Do you say whatever you want, whenever you want, without worrying about the consequences? Are you strong enough to speak your truth even when you’re the only one doing so? Is making your point in any given situation so important that you’re willing to annoy, anger and alienate people? Are you okay being the one person in any group who disagrees with the rest?
If you answered yes to all or some of these questions, you just might be living a truly authentic life and I salute you. The rest of us are straddling the continuum somewhere between thinking, saying and doing whatever we want and living to please others. The extent to which we live an authentic life is a matter of degree.
Some people put on suits and go to accounting jobs but dream of opening a cupcake shop. Others languish in relationships that don’t nourish their soul because they’re afraid to be alone. Some of us tell people want they want to hear instead of what’s in our hearts because we’re afraid of conflict. And, in workplaces around the world, people bite their tongues on a daily basis to keep their jobs.

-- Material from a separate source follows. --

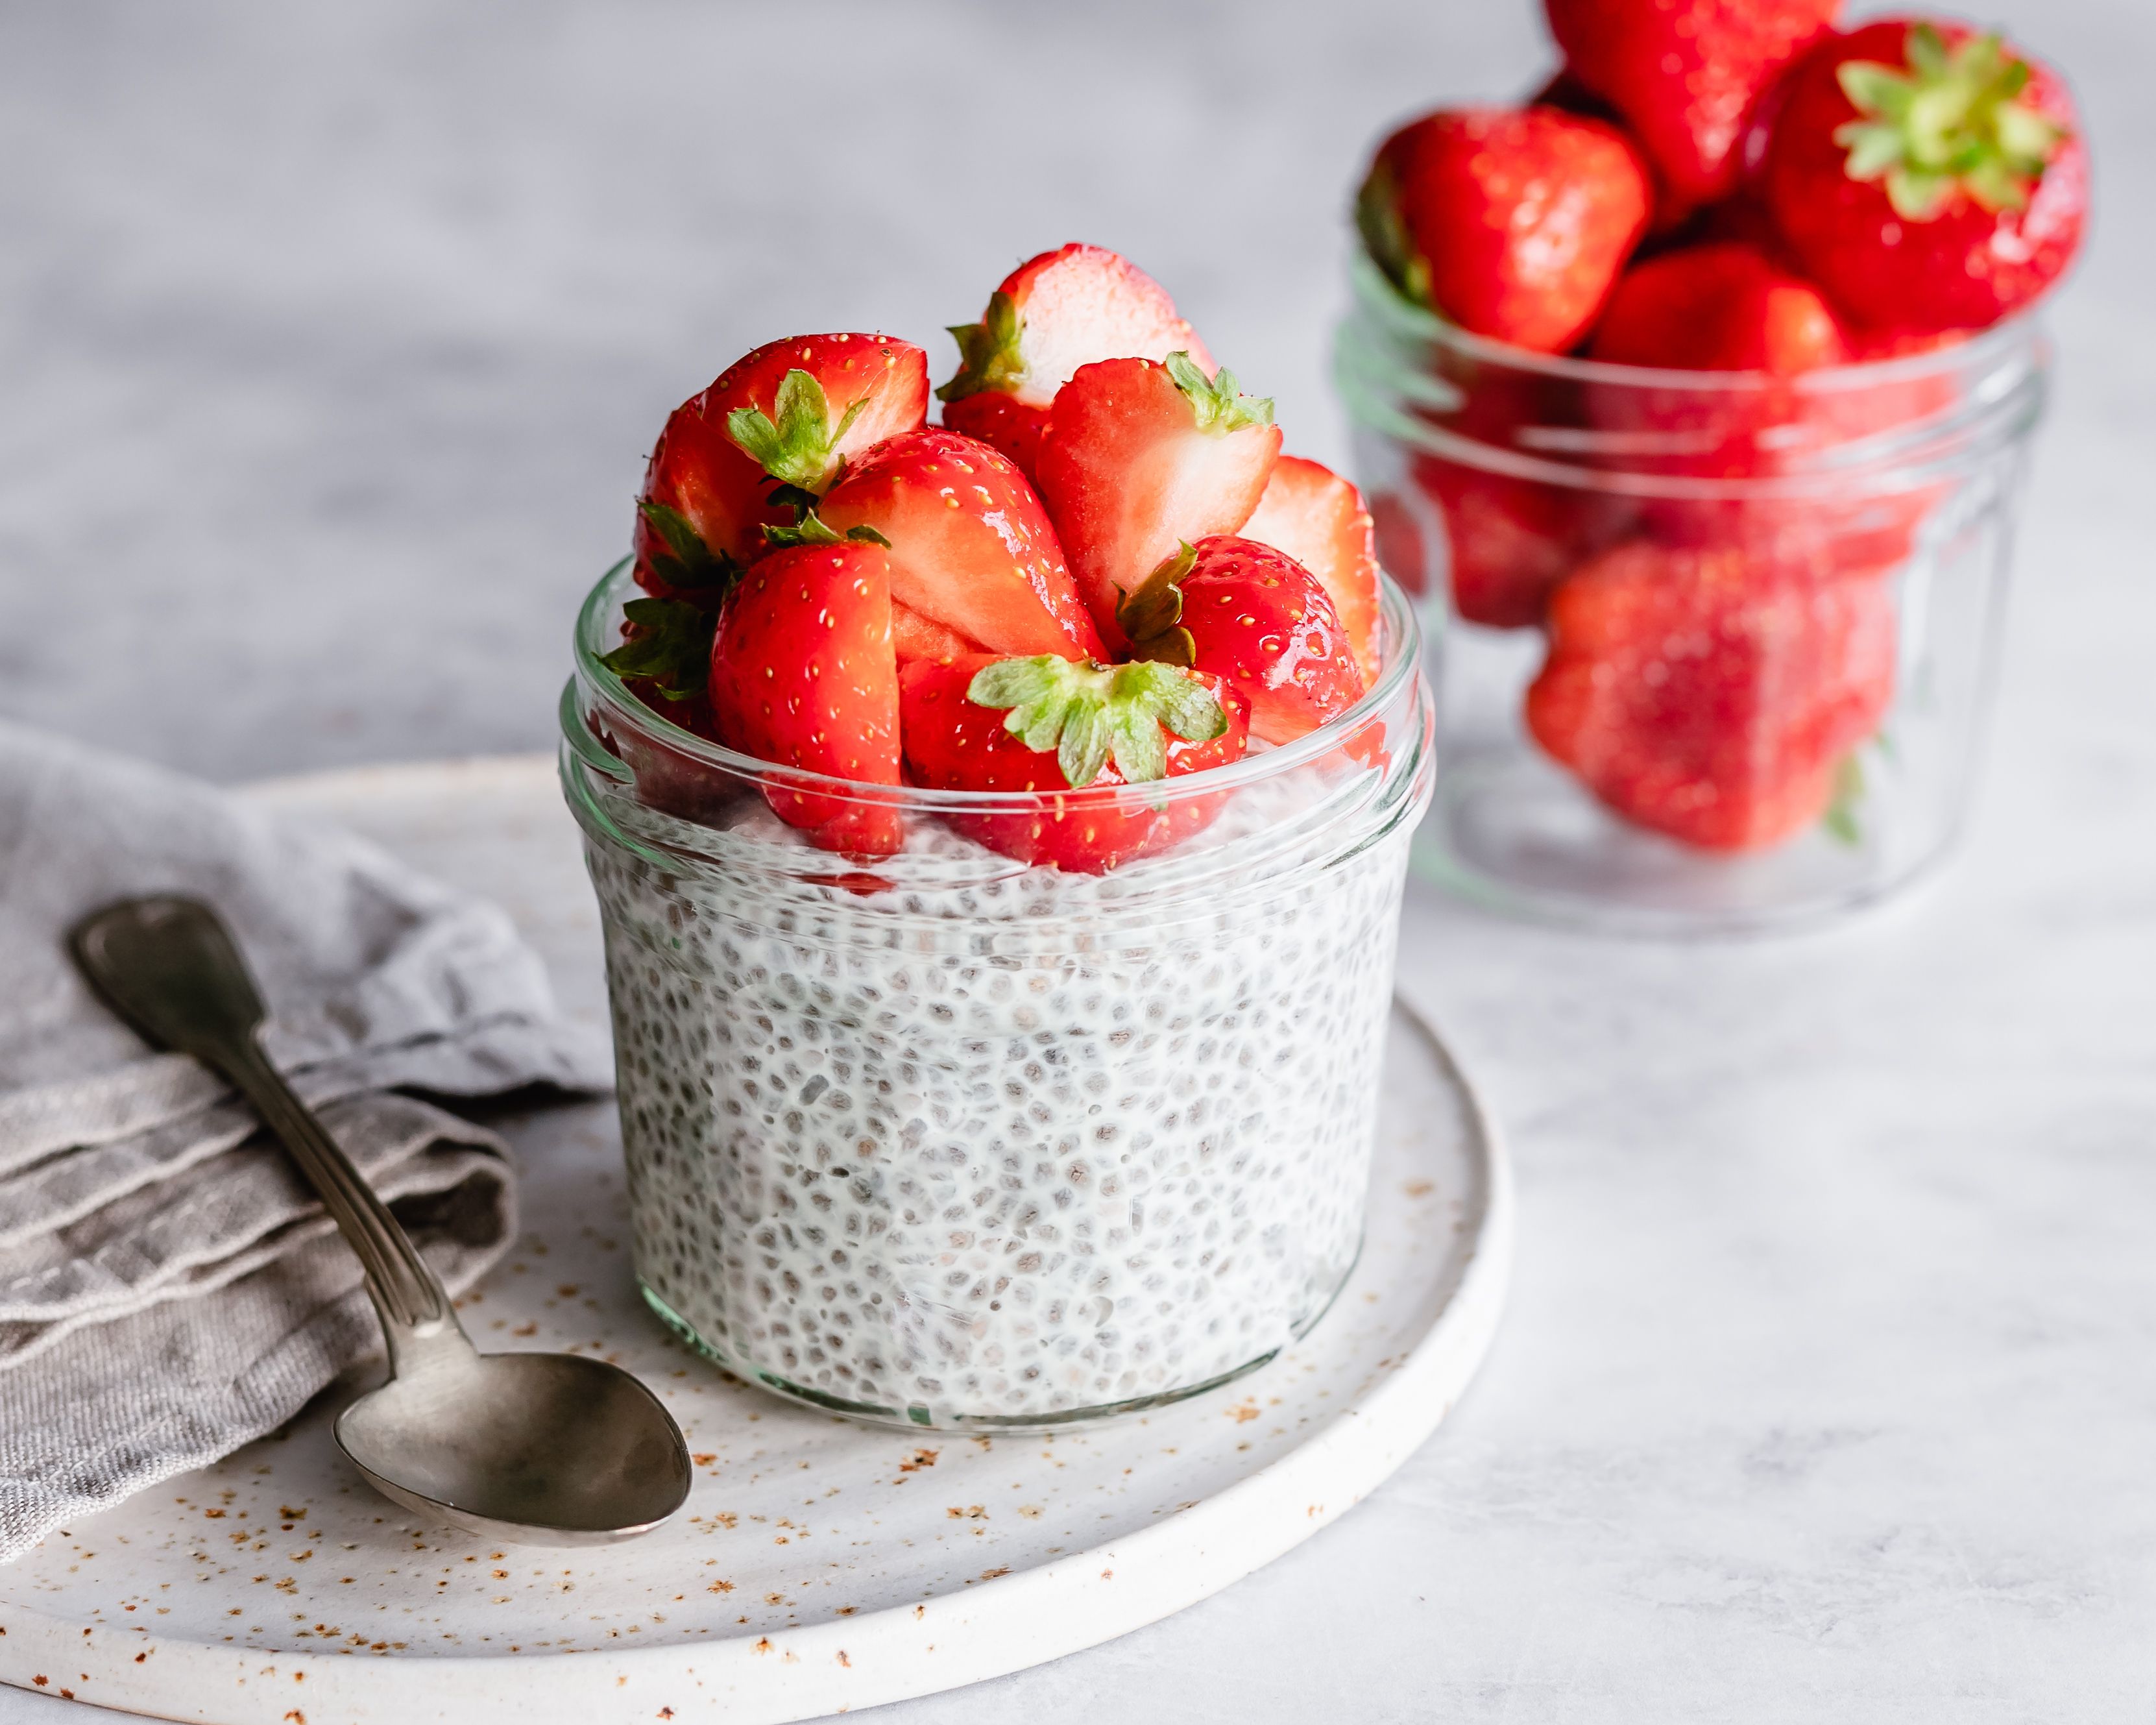 https://hips.hearstapps.com/hmg-prod/images/jar-of-chia-pudding-topped-with-fresh-strawberries-royalty-free-image-1657746263.jpg

So what does it mean to live a more authentic life and, more importantly, is it worth it? My research tells me that living an authentic life means:
- You have self confidence that’s not tied to the approval of others
- You say yes to things that align with your values and no to things that don’t
- You take 100% responsibility for everything in your life
- You put yourself and your needs first
- You are totally honest about your strengths, weaknesses, capabilities and limits
- You say what you mean and mean what you say. Always.
That’s heavy stuff. How do you feel when you see that list? Do you feel like, “I got this. This is how I roll. There’s no other way to be” or do you have lots of perfectly legitimate excuses for why it wouldn’t fly. Here are some:
- I want to meet my own needs but I’m too busy making school lunches and helping with math homework
- My current job doesn’t align with my values but it pays well, is close to home, has great benefits, etc.
- I’ll live on purpose once the mortgage is paid off
- If I always said what I truly thought I would constantly be apologizing and dealing with offended people and I just don’t have the time
I live in a country where people are free to live where they want, marry who they want (or not), have children (or not), practice the religion of their choice or no religion at all and pursue the education and career of their dreams. There are no laws against any of these things but that doesn’t mean it’s easy to live your life exactly the way you want. Our choices are shaped by so many things that have nothing to do with authentic living. Free spirits are born into rigid families; geniuses drop out of high school to provide for siblings; racial, ethnic and gender bias abounds and people are shamed for who they are every day.
So how do we live a more authentic life in a complicated world? We may not be ready to quit our jobs and move the family to Bora Bora but can we take baby steps to authenticity? I think so. We can try everyday to be a little more sincere, honest, truthful, straightforward, direct and candid….but in a way that moves things forward in a positive direction.
Speak your truth because it’s important for you to make your voice heard, because you truly believe your way will yield a favourable outcome, because it will help avoid unpleasant situations later on. Don’t do it simply because you love being disruptive or to make others feel bad about themselves or just to be a pain in the neck. And if you get to the point where you think you might be disagreeing, picking fights on purpose or have absolutely nothing good to say about a person, circumstance or event, then it’s time to move on.